The only outside passenger was a burly, honest-looking countryman on the box, who, with his eyes fixed upon the dome of St Paul’s Cathedral, appeared so wrapt in admiring wonder, as to be quite insensible to all the bustle of getting out the bags and parcels, until one of the coach windows being let sharply down, he looked round, and encountered a pretty female face which was just then thrust out.
‘See there, lass!’ bawled the countryman, pointing towards the object of his admiration. ‘There be Paul’s Church. ‘Ecod, he be a soizable ‘un, he be.’
‘Goodness, John! I shouldn’t have thought it could have been half the size. What a monster!’
‘Monsther!—Ye’re aboot right theer, I reckon, Mrs. Browdie,’ said the countryman good-humouredly, as he came slowly down in his huge top-coat; ‘and wa’at dost thee tak yon place to be noo—thot’un owor the wa’? Ye’d never coom near it ‘gin you thried for twolve moonths. It’s na’ but a Poast Office! Ho! ho! They need to charge for dooble-latthers. A Poast Office! Wa’at dost thee think o’ thot? ‘Ecod, if thot’s on’y a Poast Office, I’d loike to see where the Lord Mayor o’ Lunnun lives.’
So saying, John Browdie—for he it was—opened the coach-door, and tapping Mrs. Browdie, late Miss Price, on the cheek as he looked in, burst into a boisterous fit of laughter.
‘Weel!’ said John. ‘Dang my bootuns if she bean’t asleep agean!’

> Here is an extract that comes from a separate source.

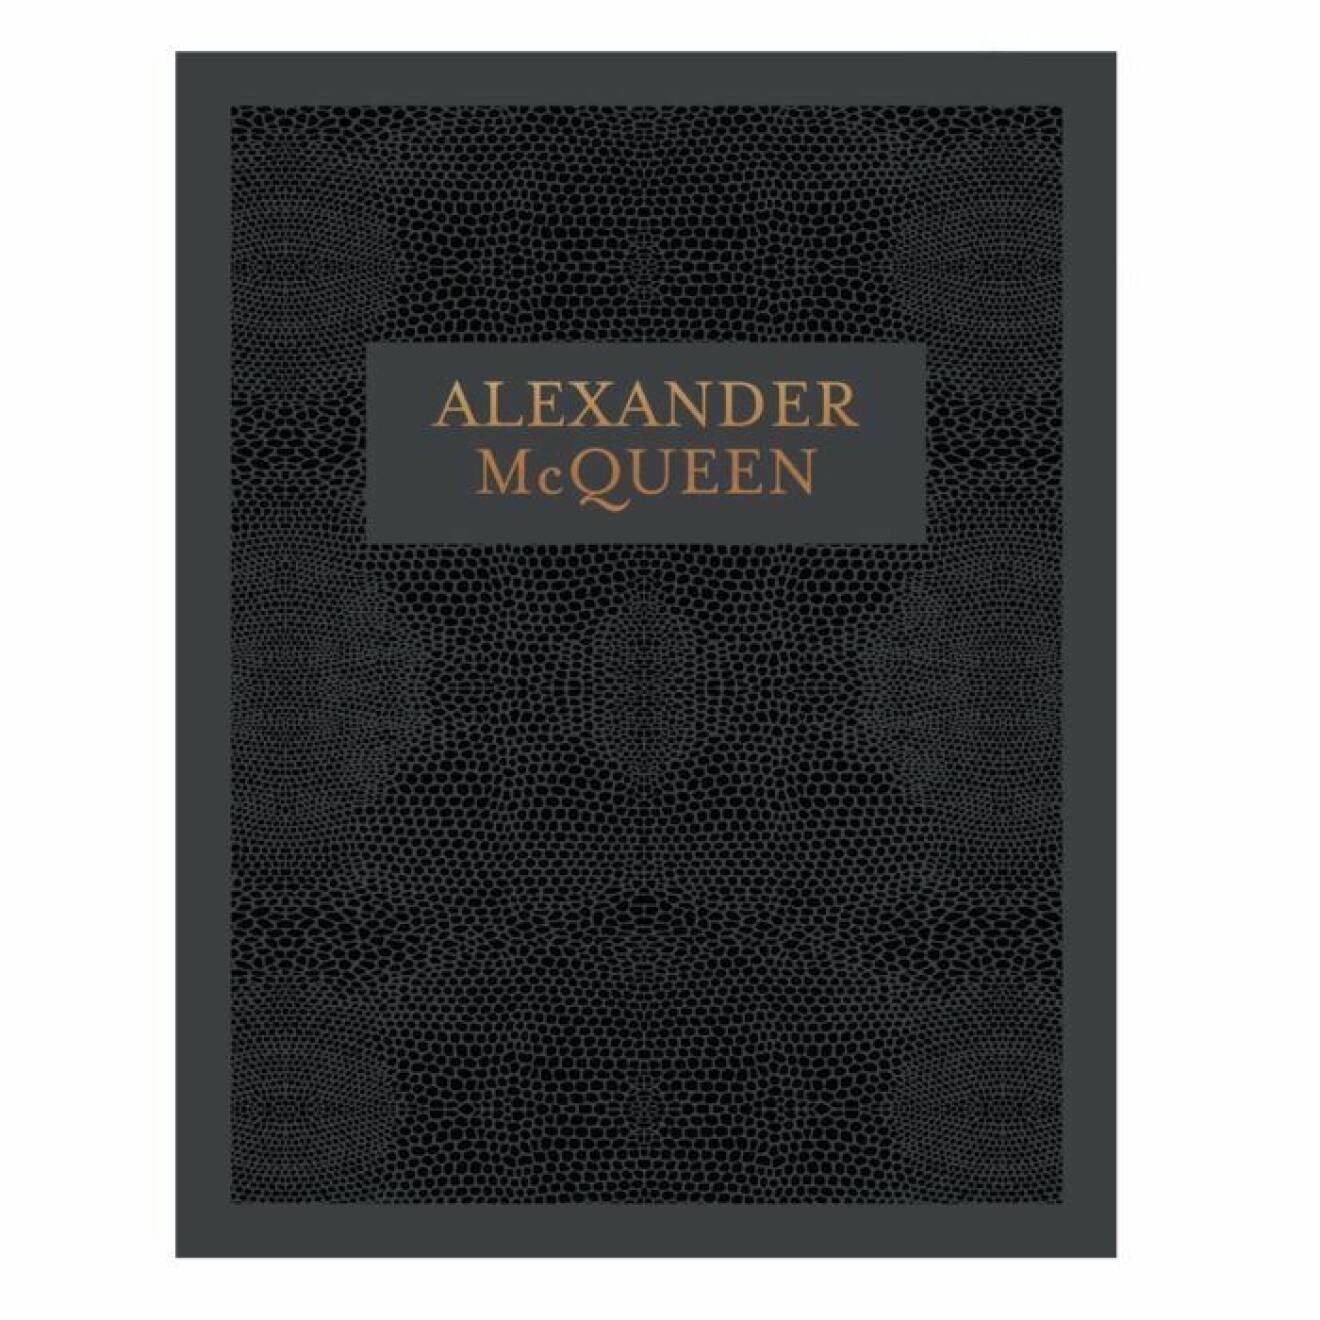 Alexander McQueen coffe table book

‘She’s been asleep all night, and was, all yesterday, except for a minute or two now and then,’ replied John Browdie’s choice, ‘and I was very sorry when she woke, for she has been so cross!’
The subject of these remarks was a slumbering figure, so muffled in shawl and cloak, that it would have been matter of impossibility to guess at its sex but for a brown beaver bonnet and green veil which ornamented the head, and which, having been crushed and flattened, for two hundred and fifty miles, in that particular angle of the vehicle from which the lady’s snores now proceeded, presented an appearance sufficiently ludicrous to have moved less risible muscles than those of John Browdie’s ruddy face.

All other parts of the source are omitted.